Puis, au cours des trois derniers jours, trois autres femmes se sont dévoilées. Des femmes qui, elles aussi, sortent de l'ombre. Malgré tout, les 11 républicains ont décidé d'appuyer en bloc la nomination de ce juge.

J'ai vu et entendu les propos de quelques-uns de ces brillants politiciens. «Manigances démocrates pour salir le nom de ce juge». «Une menteuse», et j'en passe. Et, finalement, une lettre de l'ami du juge, disant n'avoir jamais vu de comportements douteux de la part de celui-ci. Wow! Mon ami dit que je suis un bon gars... Ça devrait être suffisant pour tout le monde. Ceci me rappelle les mots du fils de Monsieur Appelbaum au juge avant la sentence. «Mon père est un bon père». Un bon père certes, mais un fraudeur, l'un n'empêche pas l'autre.

Je sais que certains de ces sénateurs, en d'autres circonstances, auraient voté différemment, mais la ligne du président était: «Ne lui apportez aucun crédit, nous avons besoin de ce juge républicain» et en bons politiciens qu'ils sont, ils ont suivi l'ordre venu de haut. Pas d'enquête poussée du FBI, une nomination à la va-vite, avant les élections de mi-mandat. Refus d'une nouvelle enquête, un vote précipité. Belle leçon de démocratie de la part de gens élus par le peuple.

Pourtant, ces hommes doivent bien être pères, grands-pères, maris et avoir quelques femmes dans leur entourage. N'ont-ils pas de cœur? Quand la ligne de parti passe avant tes intimes convictions, tu n'es plus à ta place. Ou, tes convictions sont tout à fait tordues et tu n'es pas plus à ta place.

Je sais par expérience que la politique c'est assez sale, mais j'ai hâte au retour d'une certaine humanité.
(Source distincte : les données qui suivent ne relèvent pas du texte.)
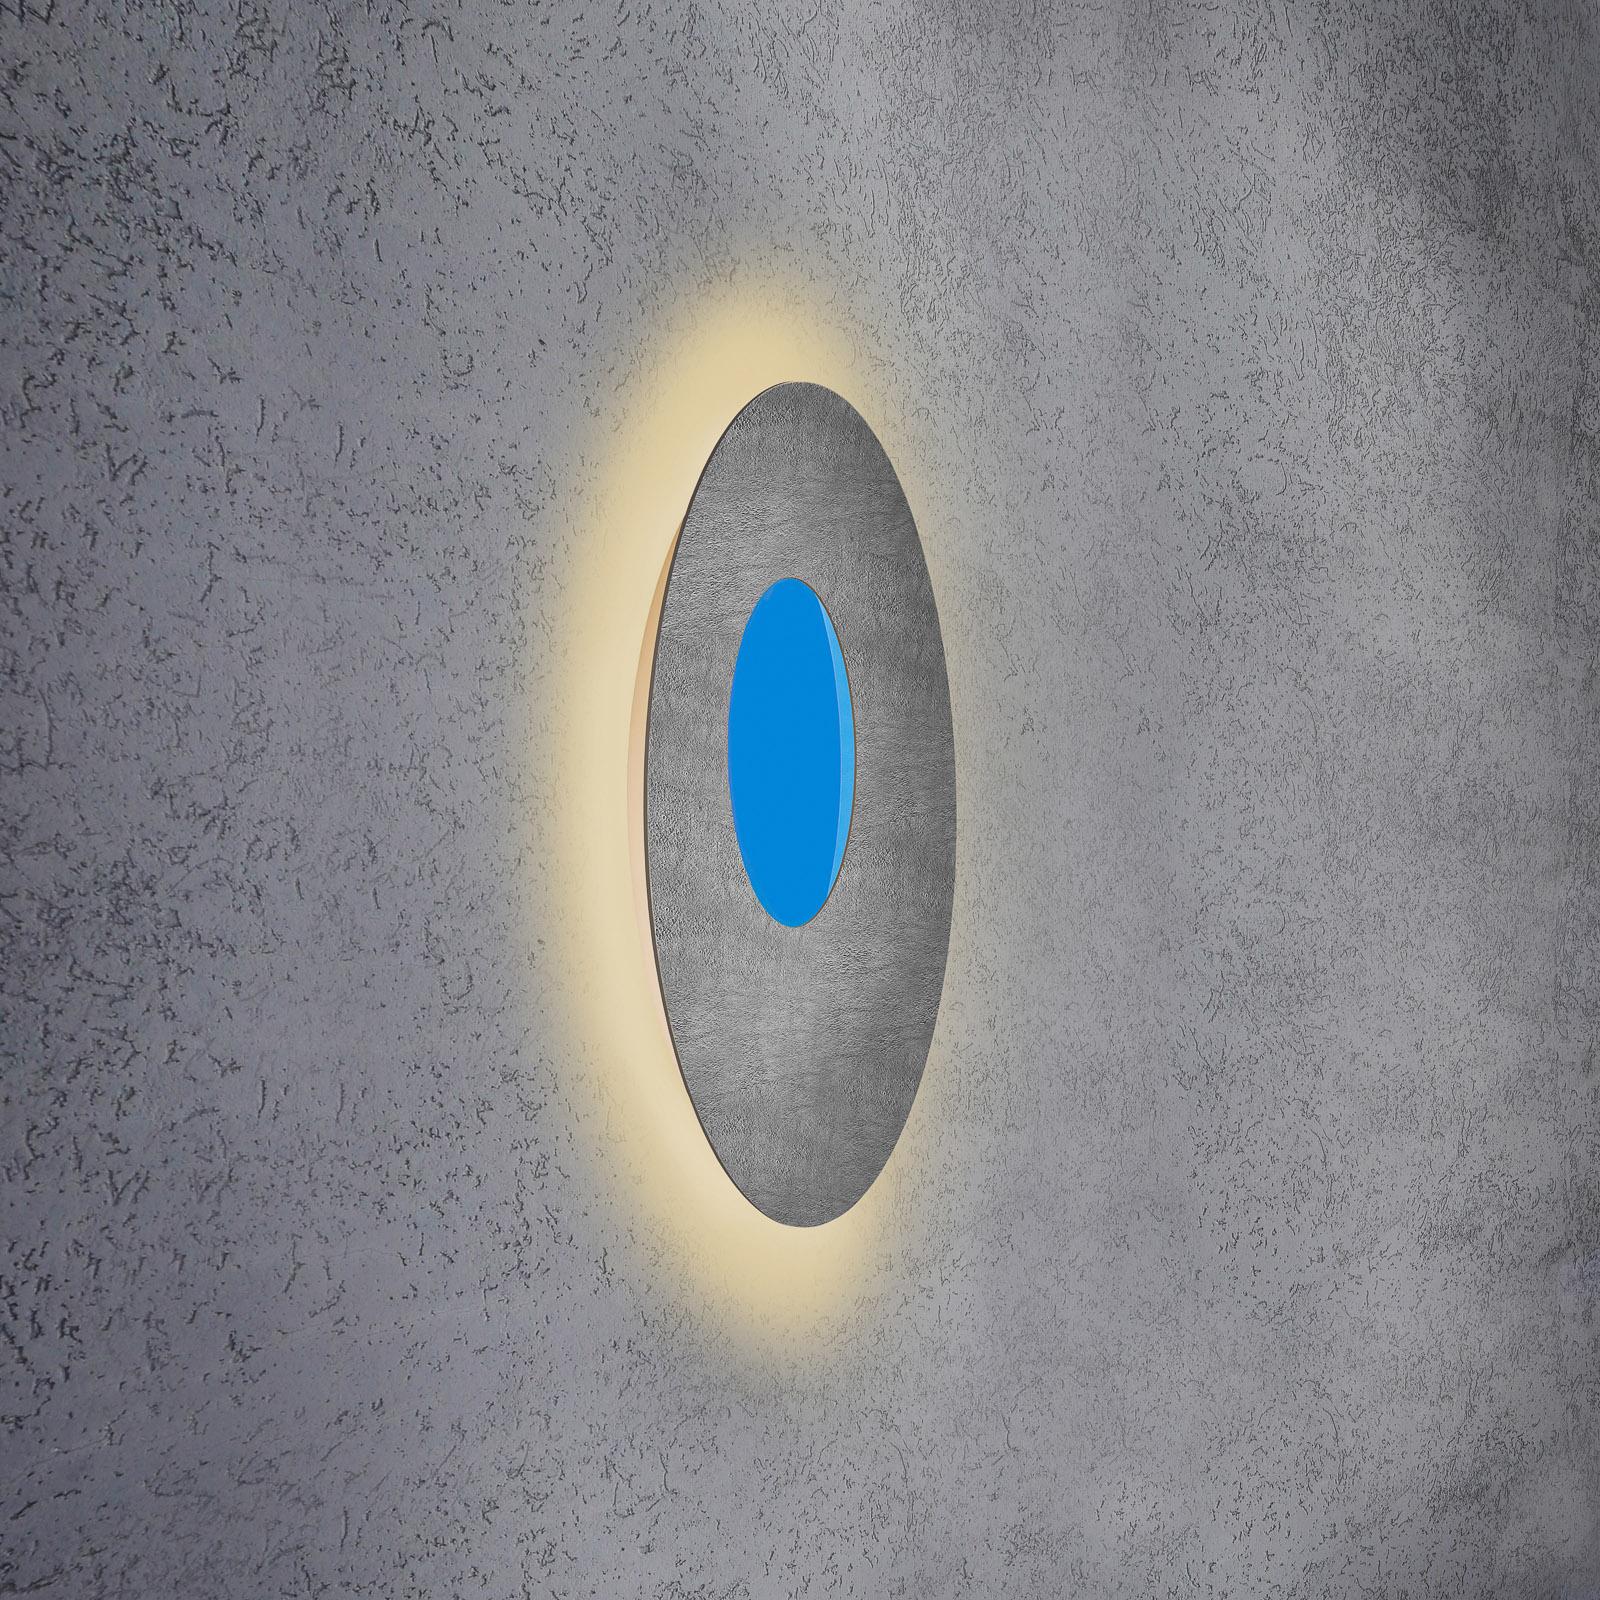 Escale Blade Open LED-Wandlampe RGB+W Beton Ø59cm
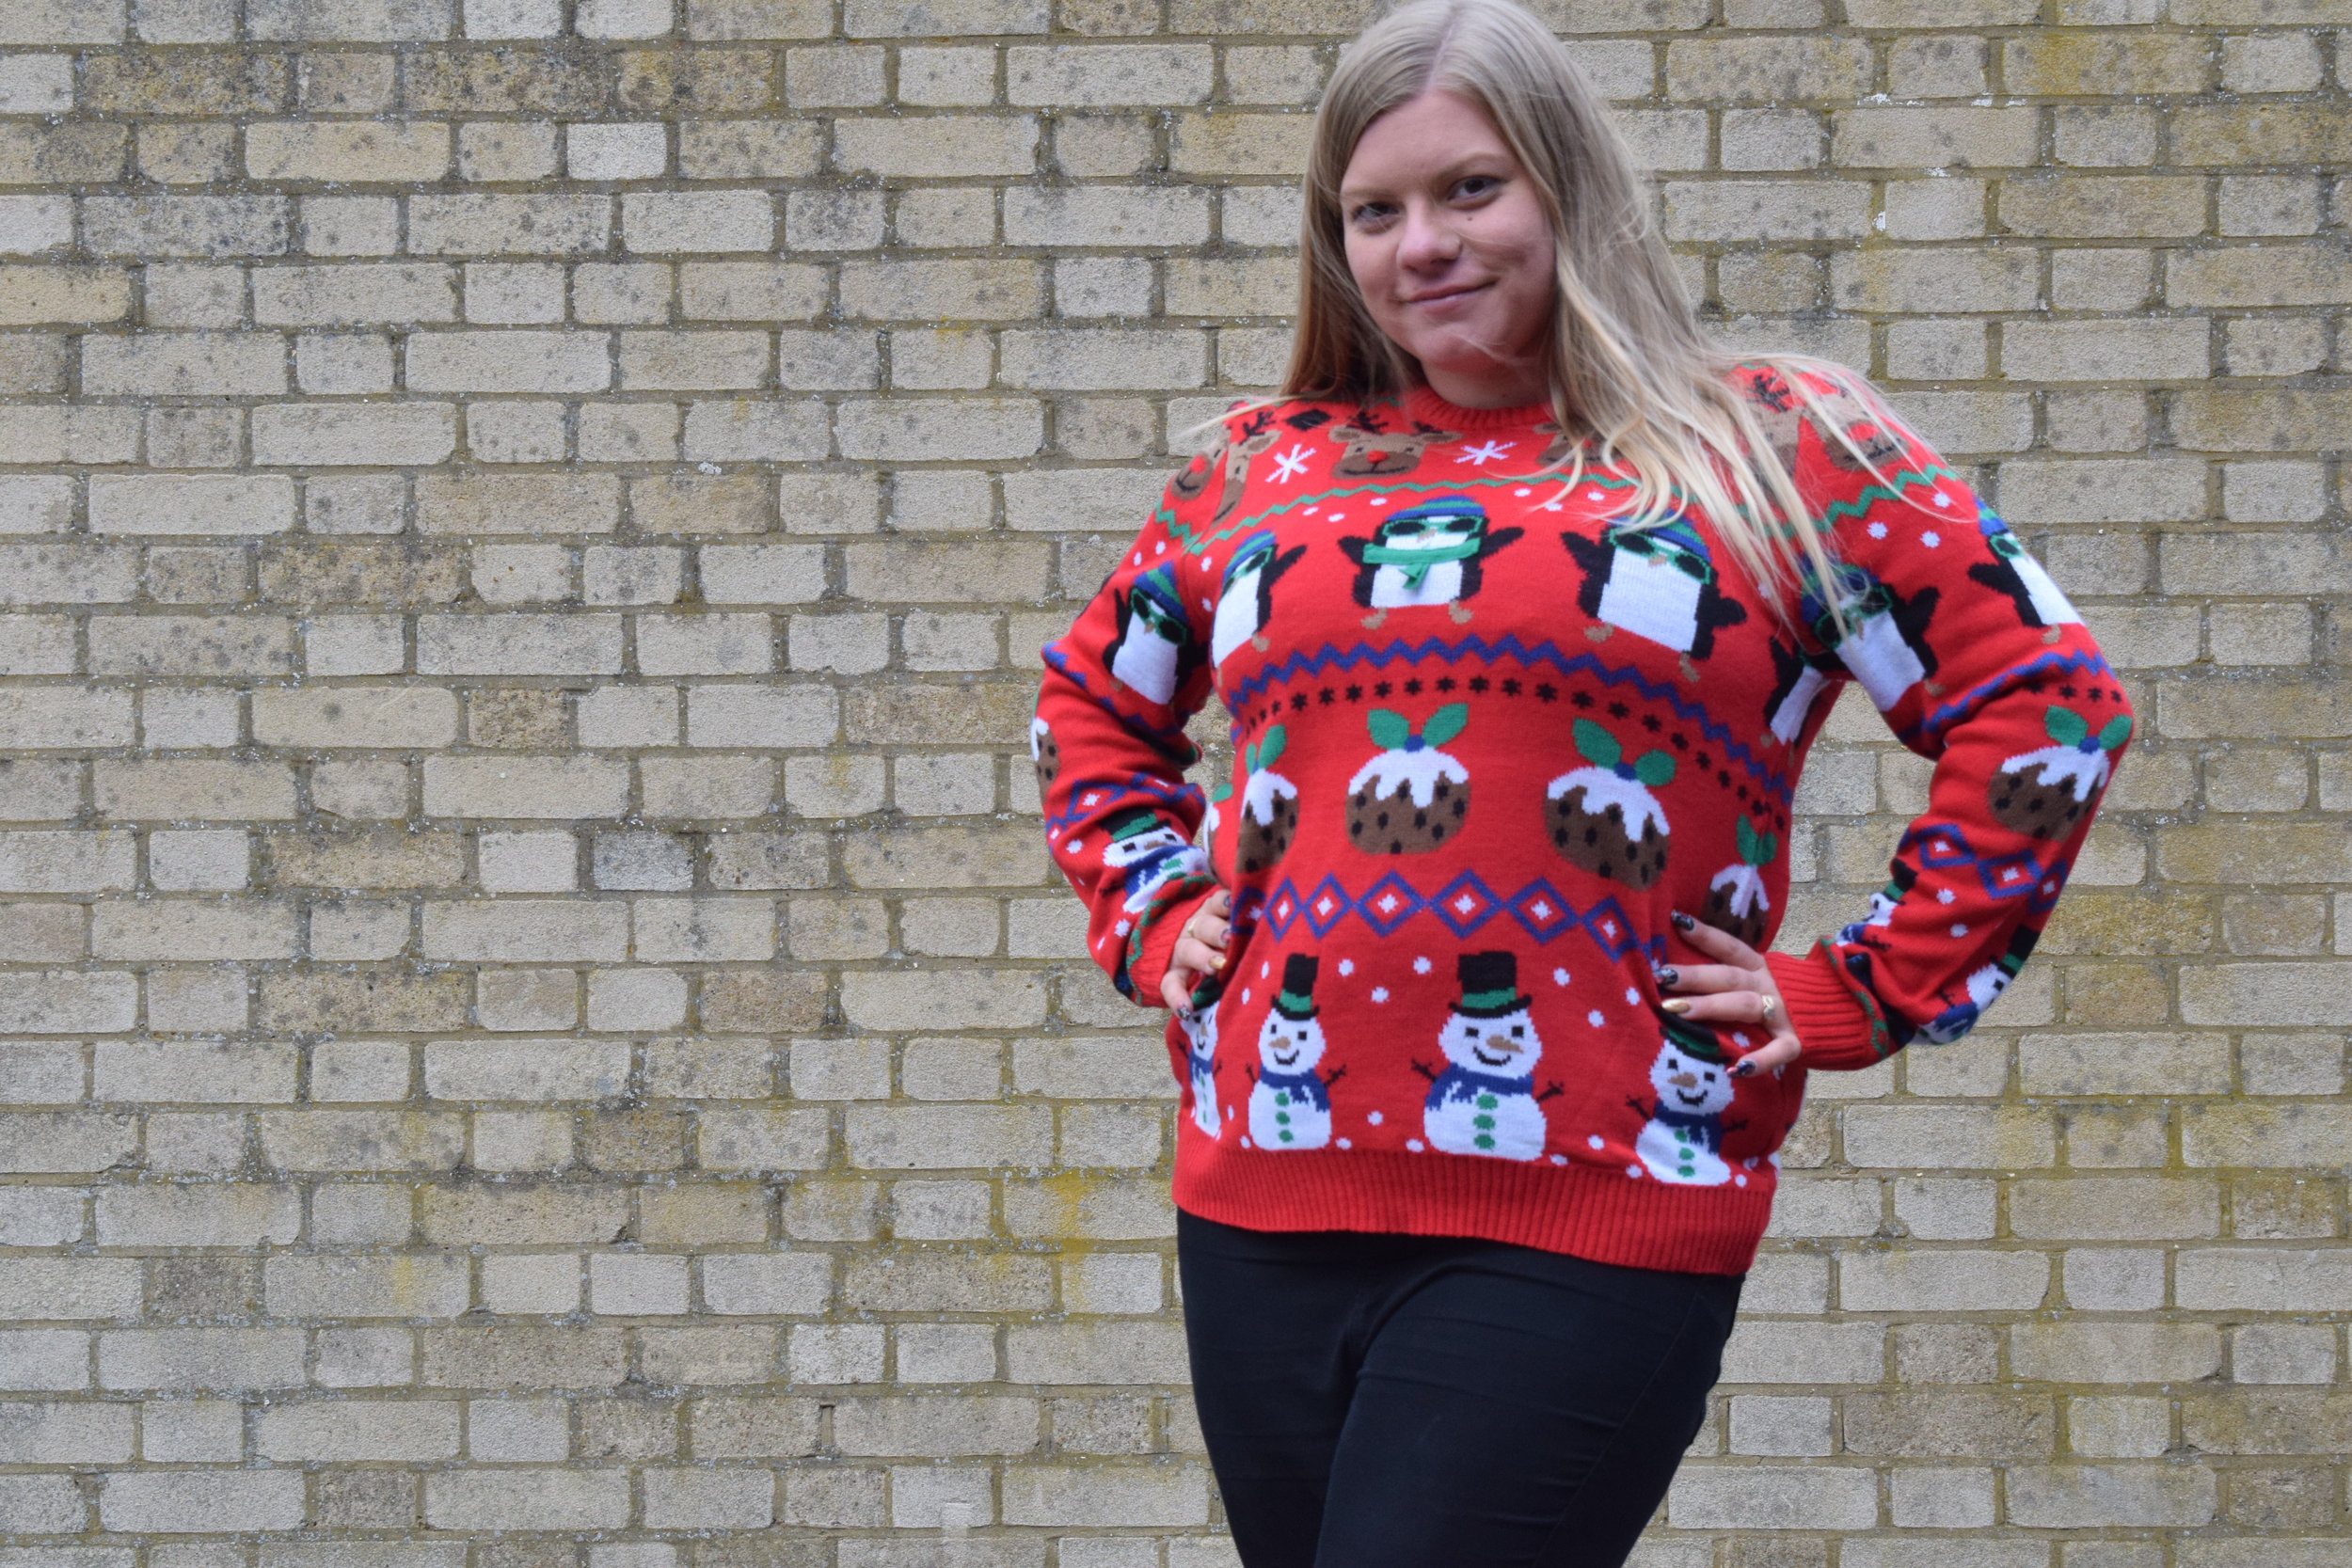 Christmas jumper love

Et maintenant qu'ils ont voté en sa faveur, le président demande hypocritement une enquête du FBI. Comme quoi chez nos voisins du sud, le ridicule ne tue pas.

Ceci me renvoie à certaines causes d'agressions sexuelles que je pilotais en tant qu'enquêteur. Des causes ou entendait un juge dire «Vous l'avez suivi parce que vous pensiez qu'il était riche et là, vous portez plainte parce que vous êtes déçue». Ou, «Ce n'est pas que je ne vous crois pas, mais vous savez... C'est un homme marié père de famille et il semble sincère». Ou, «Vous pensiez qu'il allait vous épouser, c'est une question de perception». Pire: «Un homme est un homme, mademoiselle, si vous l'aguichez...»

Et moi, qui les avais persuadées de témoigner, devais ramasser ces jeunes femmes à la petite cuillère. Quand tu es père et que tes victimes ont à peine quelques années de plus que ta fille, tu te poses de sérieuses questions sur ce que tu ferais avec l'agresseur.

Il y aura eu quelques changements dans les cours du Québec, mais ce n'est pas encore ça. Nous verrons si ces changements vont s'opérer dans l'affaire Rozon, une affaire qui se déroule au pas de charge de l'escargot. Pour le moment, l'homme frappe de tous les bords, c'est son droit, il n'est pas un coupable, mais un suspect... Pas même un accusé pour le moment.